Giancarlo Stanton beaning caused flashbacks for Ben Revere

PHILADELPHIA -- To this day, Ben Revere still flinches anytime a pitch comes near his head. Revere said Giancarlo Stanton can probably anticipate the same when he returns from his beaning.

“I know later on when the ball kind of comes around his head area, he’s going to freak out and just get out of the way like I do sometimes,” said the Phillies outfielder, who was hit by a pitch in 2010. “It’s one of those deals where it’s just mental toughness. I believe he has that.”

Revere was among the first players to tweet out his his prayers to Stanton when the slugger was decked by a pitch Thursday in Milwaukee.

“Coming from someone who’s been hit in the face before I know how you feel now,” Revere tweeted.
Revere said the Stanton beating caused flashbacks.

“I saw the video and I had the same feelings, just picturing it back in my head,” Revere said. “It’s kind of a helpless feeling, nothing you can really do. It’s a scary type of deal. He’s a tough son of a gun. I know he’s going to overcome this.”

Revere said his orbital bone was broken when he was struck by a pitch while playing in the minors. But his injury didn’t result in any vision problems.

Stanton’s vision isn’t expected to be effected, either.

“I know people in the Marlins’ organization and fans are probably worried he won’t be the same player, but I think he’ll be fine,” Revere said. “He’s a tough guy. By the time he comes back and gets ready to play again, he’ll be fine.”

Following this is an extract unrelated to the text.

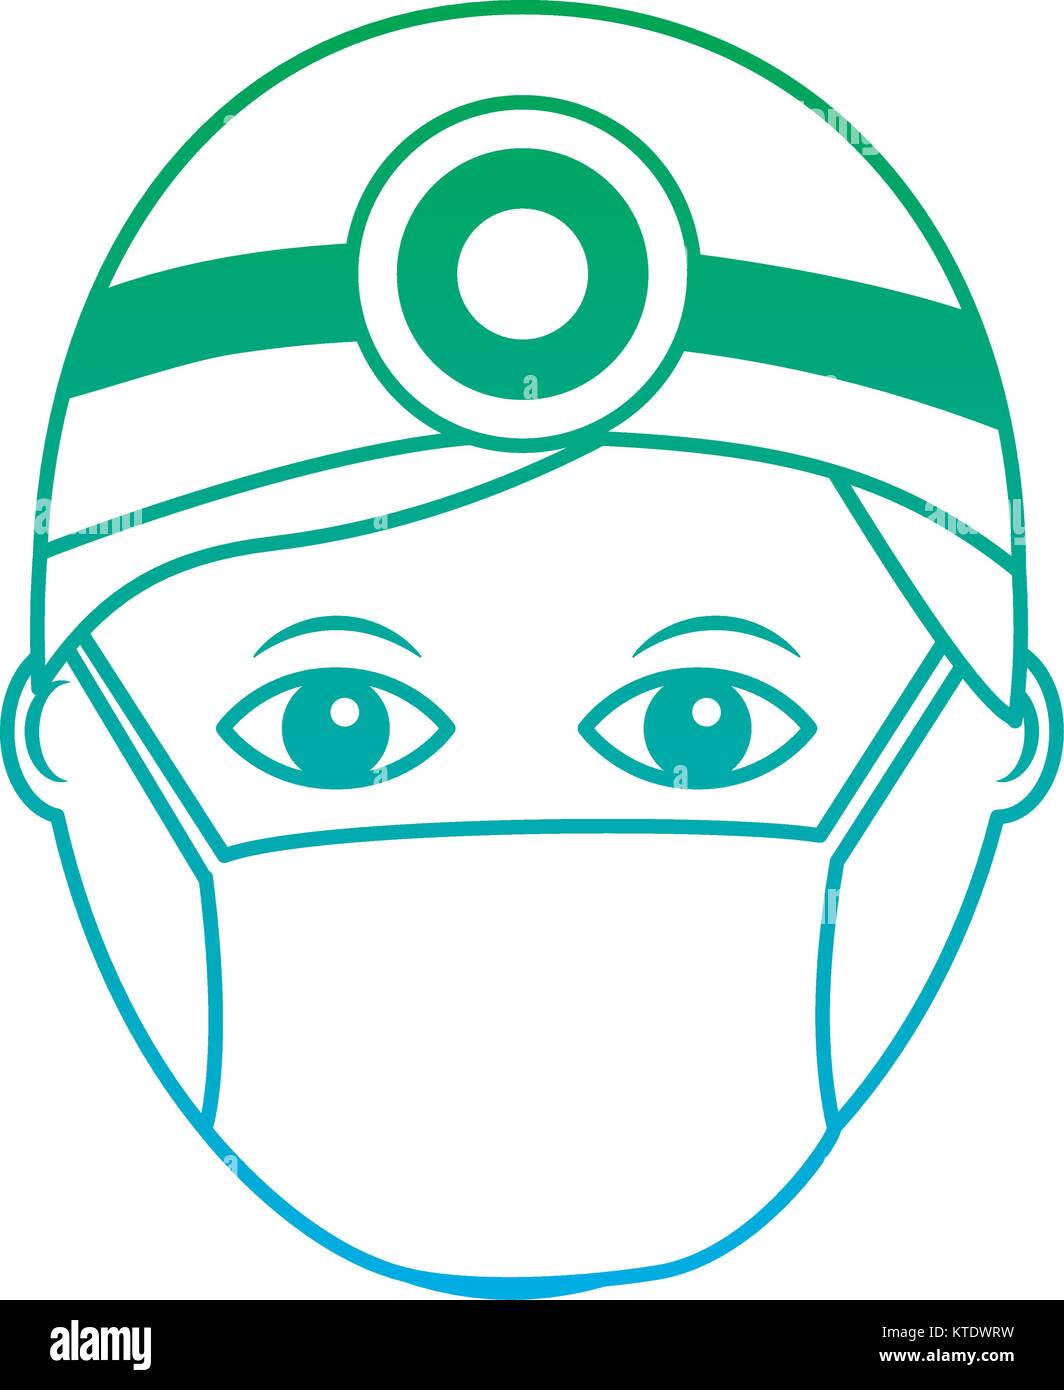 doctor healthcare icon image vector illustration design  green to blue ombre line Stock Vector

Revere said even though Stanton might want to play again before the end of the season, he’s probably better off waiting until next year.

“If I saw him when we go back to Miami the last six days of the season, I’d be amazed,” Revere said. “I know he wants to be back on the field. He’s a competitor. I was like that, too. I would tell him just to rest it, but we’ll see. They call him Superman for a reason.”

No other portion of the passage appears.